*** STORED DATA Section Begins ***

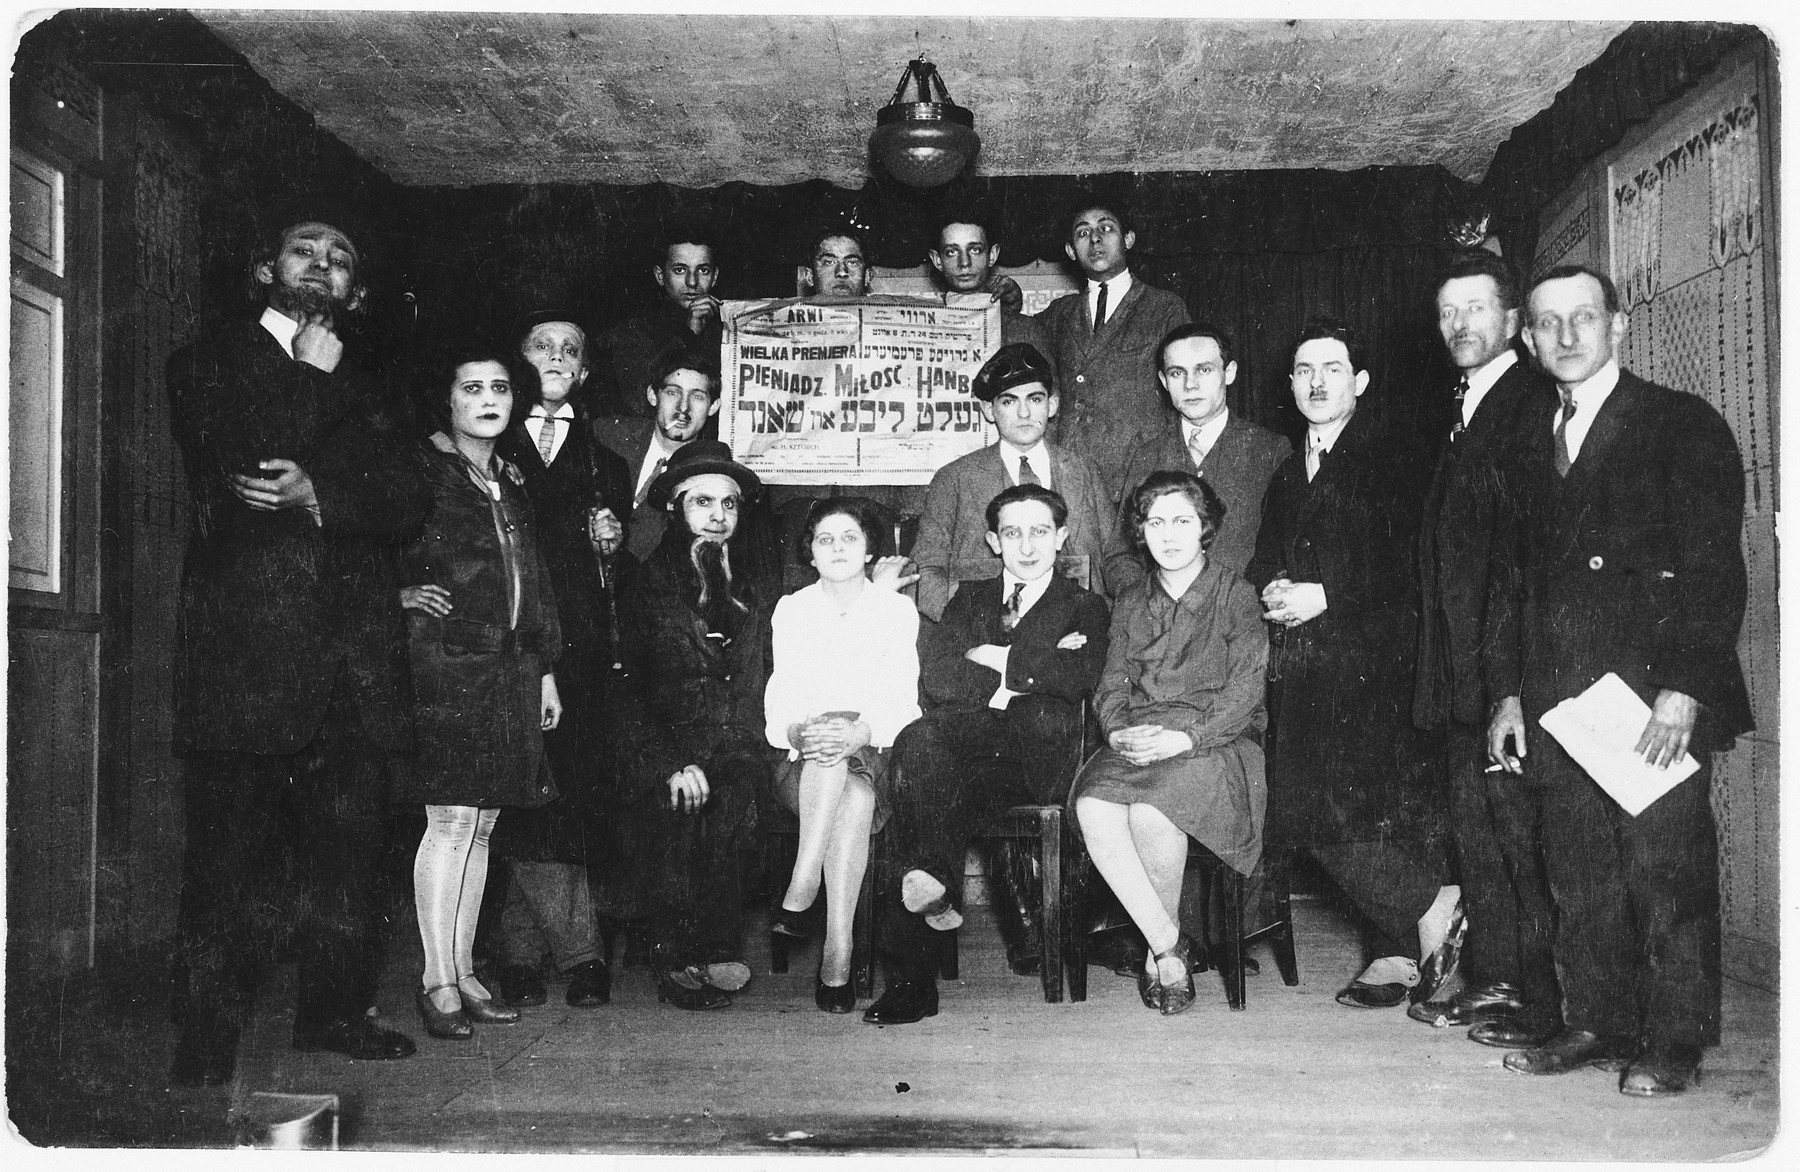 Members of the Bundist theater group "Arvi" perform the "Money, Love and Shame".

Heniek Storch (seated first row, second from right) directed the production.  Also pictured is Szmerling (extreme right).
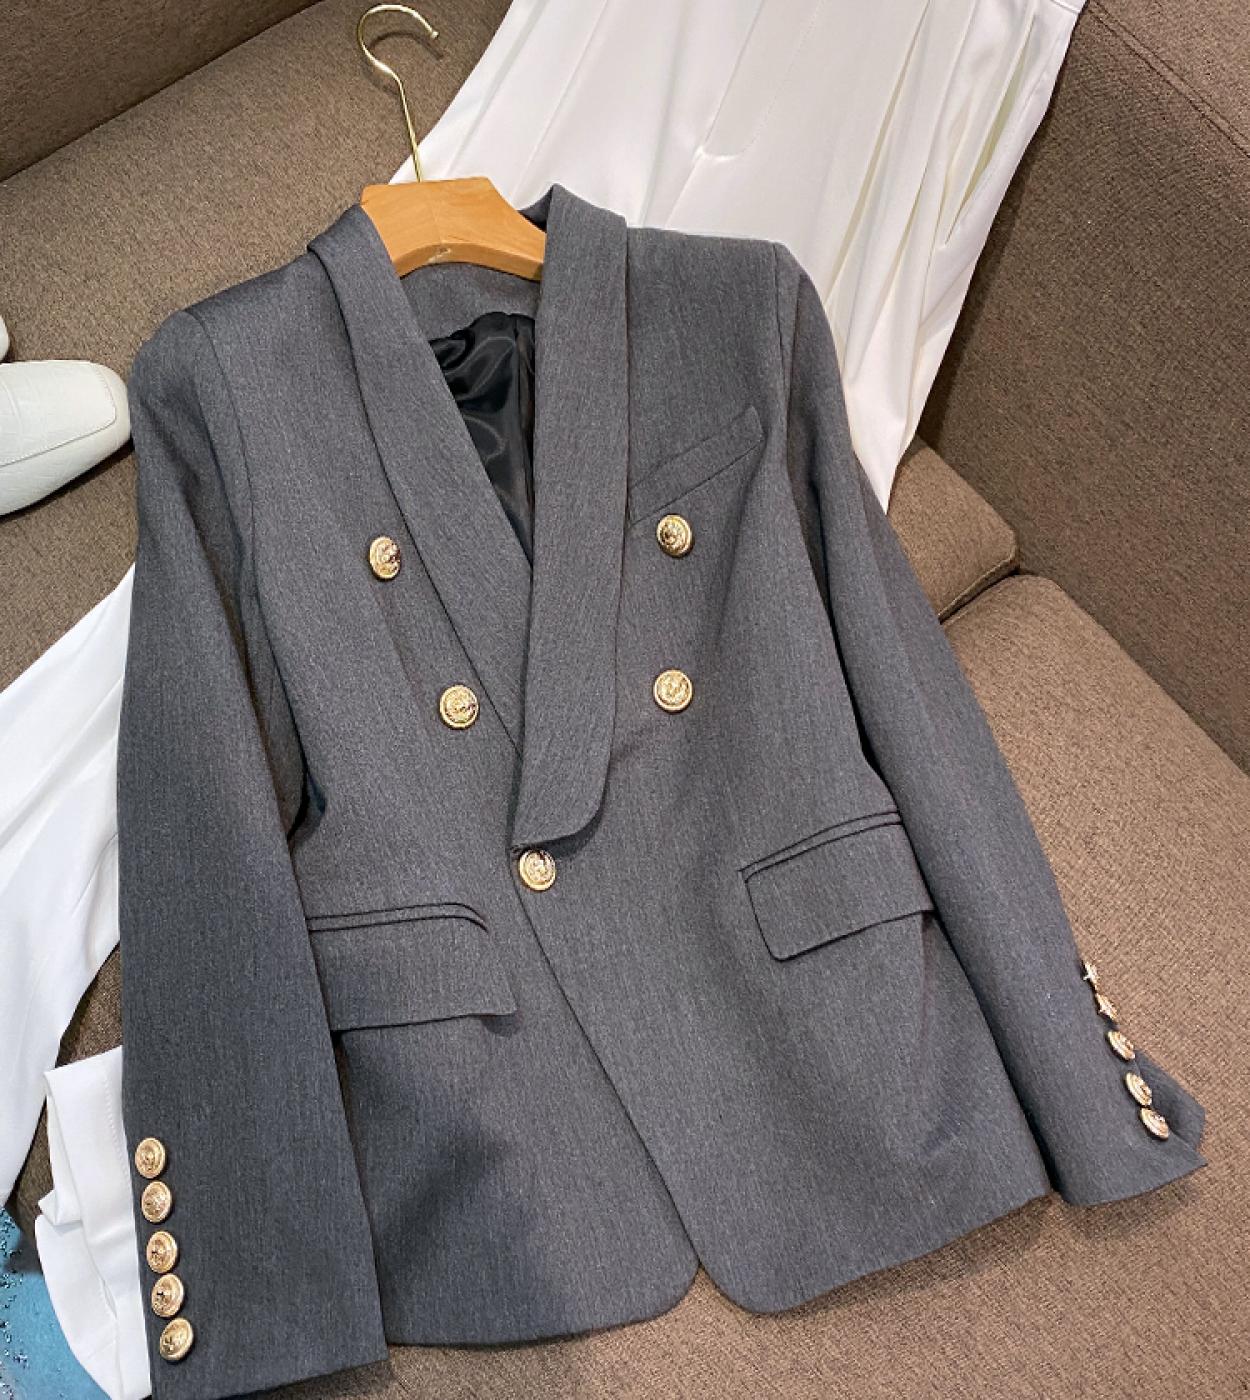  Star Style Womens Suit Jacket Fashion Lion Head Metal Buckle Double Breasted High Quality Green Fruit Color Suit O160j
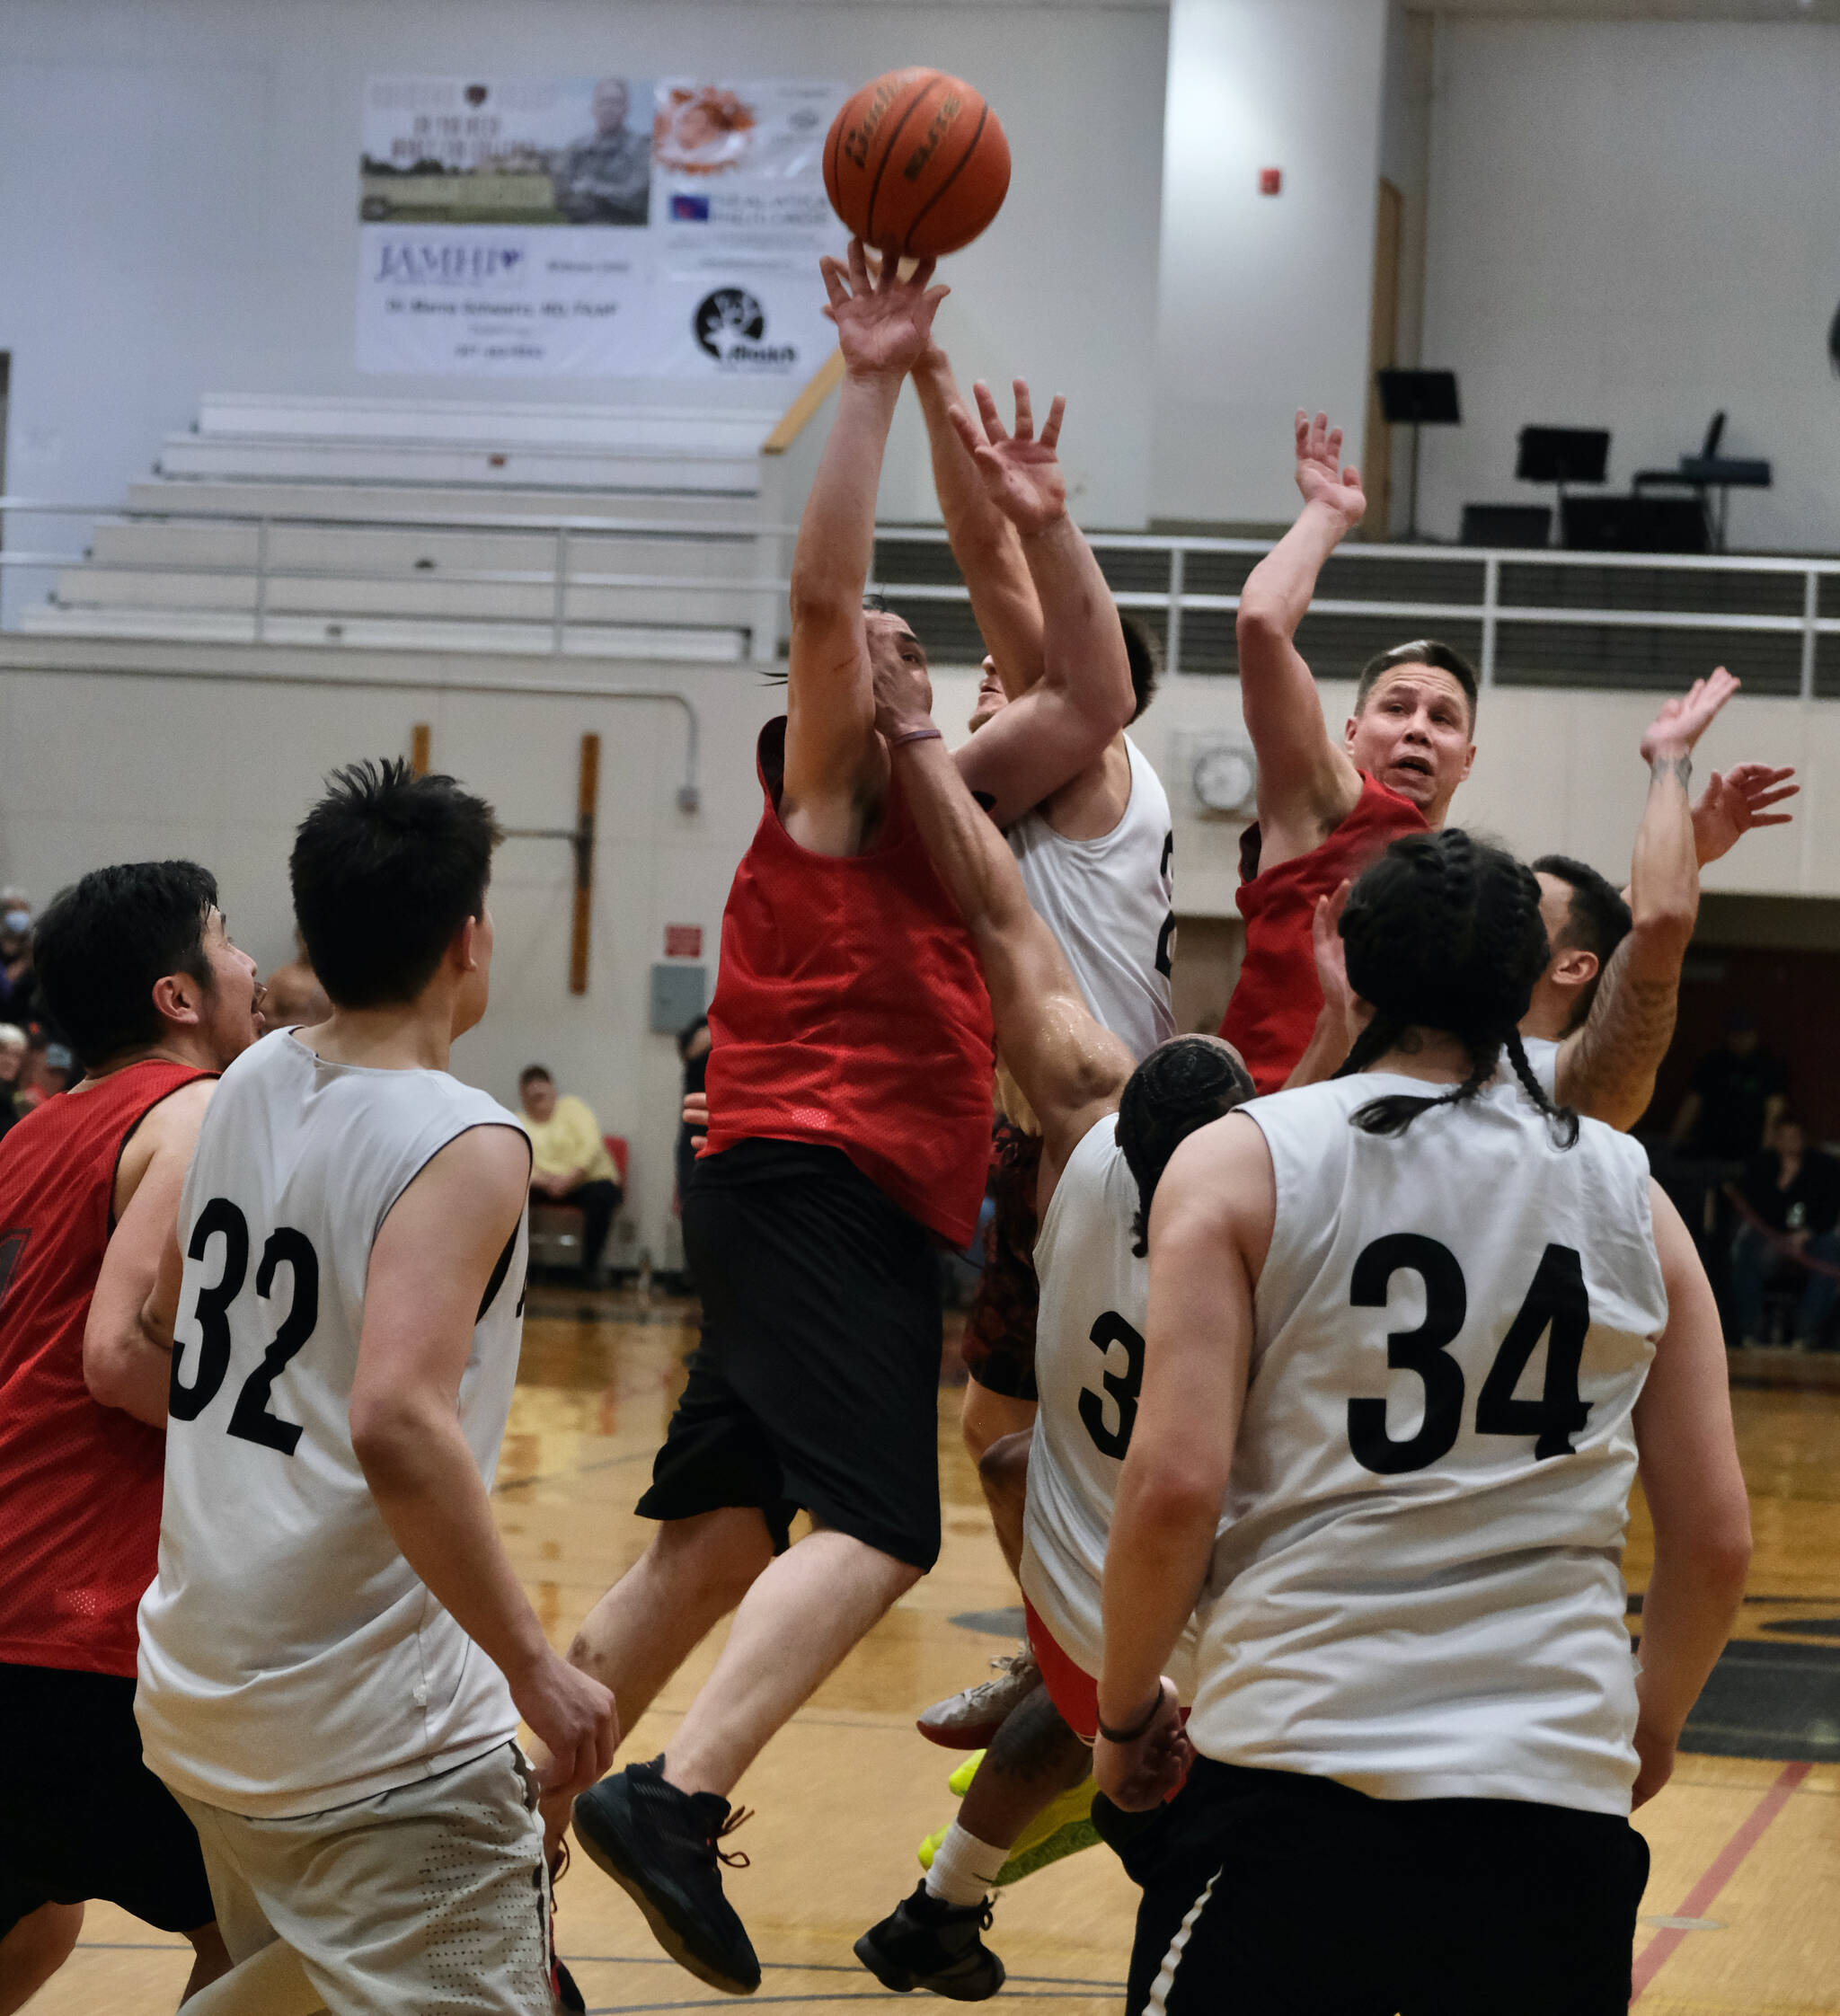 Hydaburg’s George Peratrovich tips in teammate Vinnie Edenshaw’s missed free throw with 0.3 seconds remaining in overtime, forching a second overtime in a win over Angoon during Friday night’s elimination game at the Gold Medal Tournament in Juneau. (Klas Stolpe/For the Juneau Empire)

*** STORED DATA Section Ends ***

REQUIRED WORK | Set the pictures aside and reproduce the data above exactly.

SOLUTION FOR THIS TASK |
 Members of the Bundist theater group "Arvi" perform the "Money, Love and Shame".

Heniek Storch (seated first row, second from right) directed the production.  Also pictured is Szmerling (extreme right).
  Star Style Womens Suit Jacket Fashion Lion Head Metal Buckle Double Breasted High Quality Green Fruit Color Suit O160j
 Hydaburg’s George Peratrovich tips in teammate Vinnie Edenshaw’s missed free throw with 0.3 seconds remaining in overtime, forching a second overtime in a win over Angoon during Friday night’s elimination game at the Gold Medal Tournament in Juneau. (Klas Stolpe/For the Juneau Empire)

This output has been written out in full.